How many vertices of degree 1 in a tree?

Question

How many vertices of degree 1 are there in a tree with no vertices of degree more than 4? The only thing that I have right now is that the number of edges in a tree is n-1 where n is the number of vertices. Any help would be appreciated. Thanks in advance.

Answer 1

Let $k$ be the number of leafs in the tree. Let $n$ be the number of vertices.

It is known that $k \geq 2$ with equality for $T=P_n$.

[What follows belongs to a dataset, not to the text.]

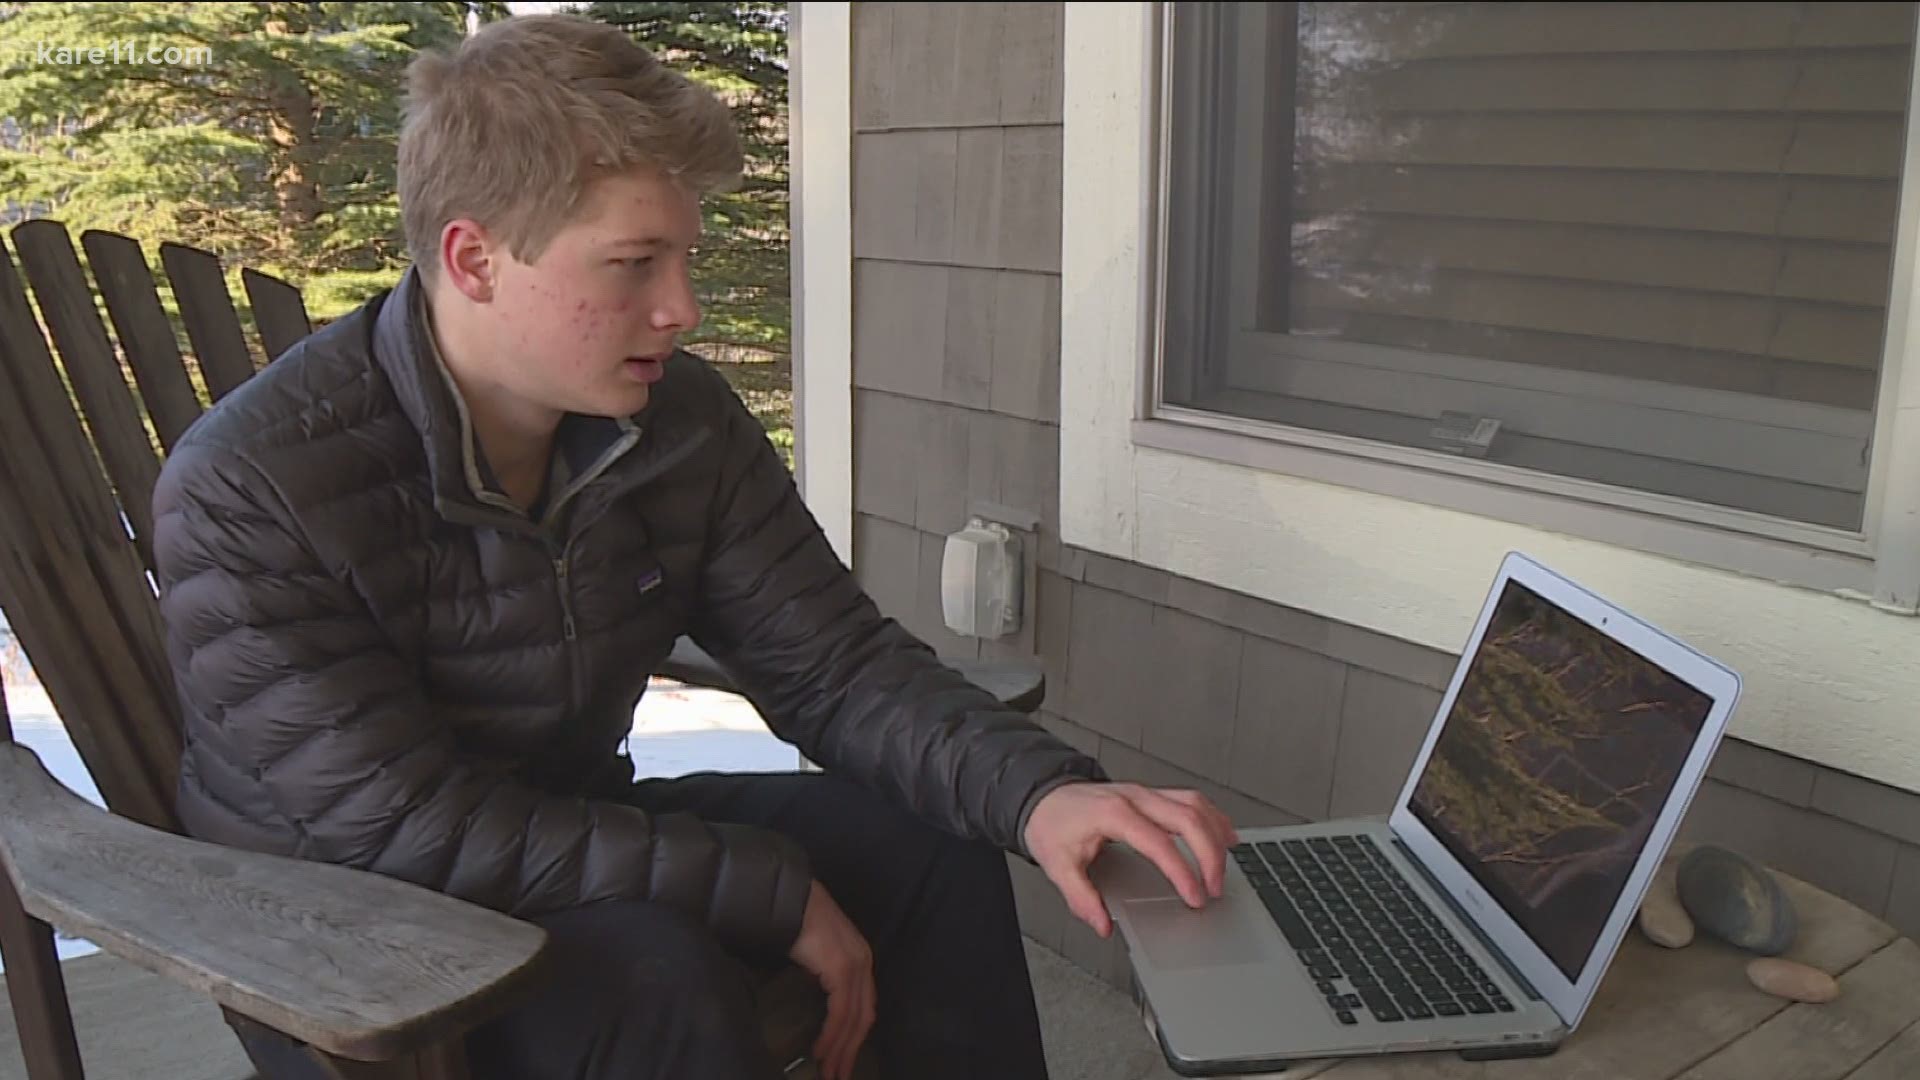 A tech savvy teen from Eden Prairie created a COVID-19 tracking app that's gotten congressional recognition.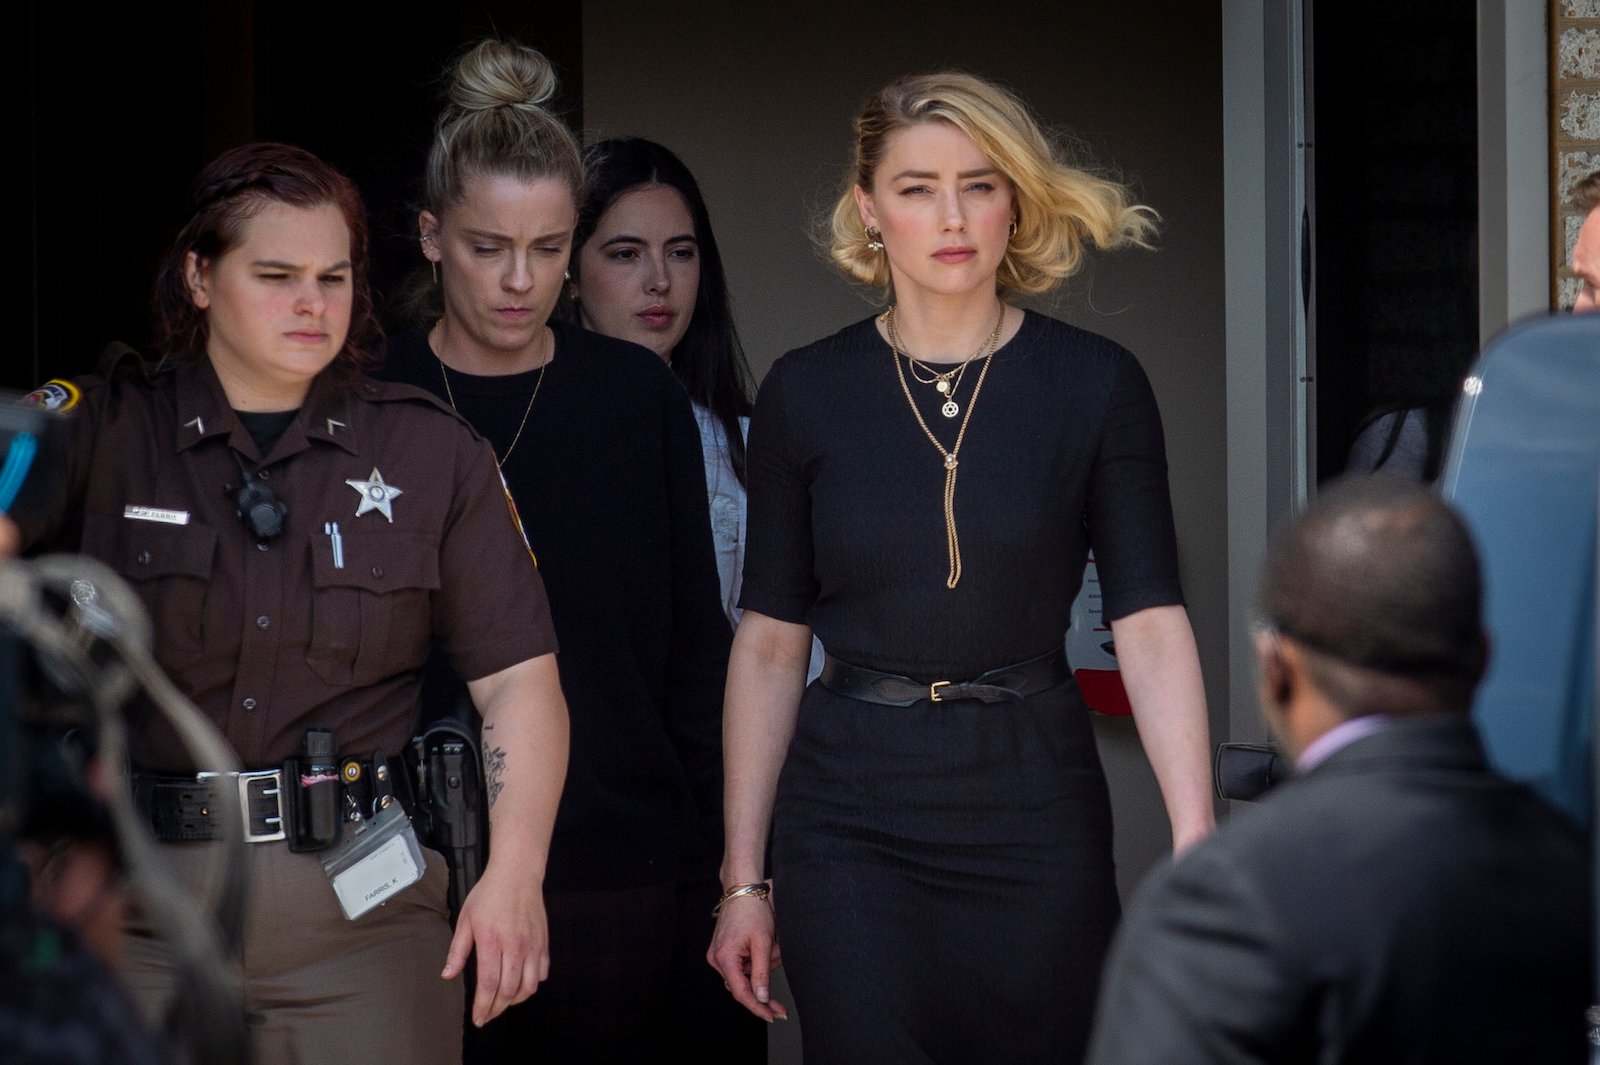 Amber Heard walking with her sister out of the courtroom after the trial against Johnny Depp

As for the upper bound, the sum of degrees is at most $k+4(n-k)$. Thus

$$2(n-1)\leq k+4(n-k)=4n-3k \,$$

Solving this equality we get

$$k \leq \frac{2n+2}{3} \,.$$

Since $k$ is integer, we must have

$$k \leq \lfloor \frac{2n+2}{3} \rfloor \,.$$

The upper bound can be reached. Let $r$ be the remainder when $2n+2$ is divided by $3$. Then (as the above proof suggests) we need to construct a tree with $\lfloor \frac{2n+2}{3} \rfloor$ leafs, $r$ vertices of degree $2$ and $n-r- \lfloor \frac{2n+2}{3} \rfloor$ vertices of degree $4$. You can prove that such a tree exists by induction on $n$, the $P(n) \Rightarrow P(n+3)$ is easy (replace a leaf by a vertex of degree $4$ and connect it to 3 new leafs.)

Answer 2

If there are $n_i$ vertices of degree $i$, $1\le i\le 4$, then we must have $$n_1+2n_2+3n_3+4n_4=2(n-1)=2(n_1+n_2+n_3+n_4-1),$$ hence $$n_1=n_3+2n_4+2. $$ Especially, $$ 2\le n_1\le \frac{2n+2}3.$$ (The latter from $3n_1= 2(n_1+n3+n_4)+2-n_3\le 2n+2$).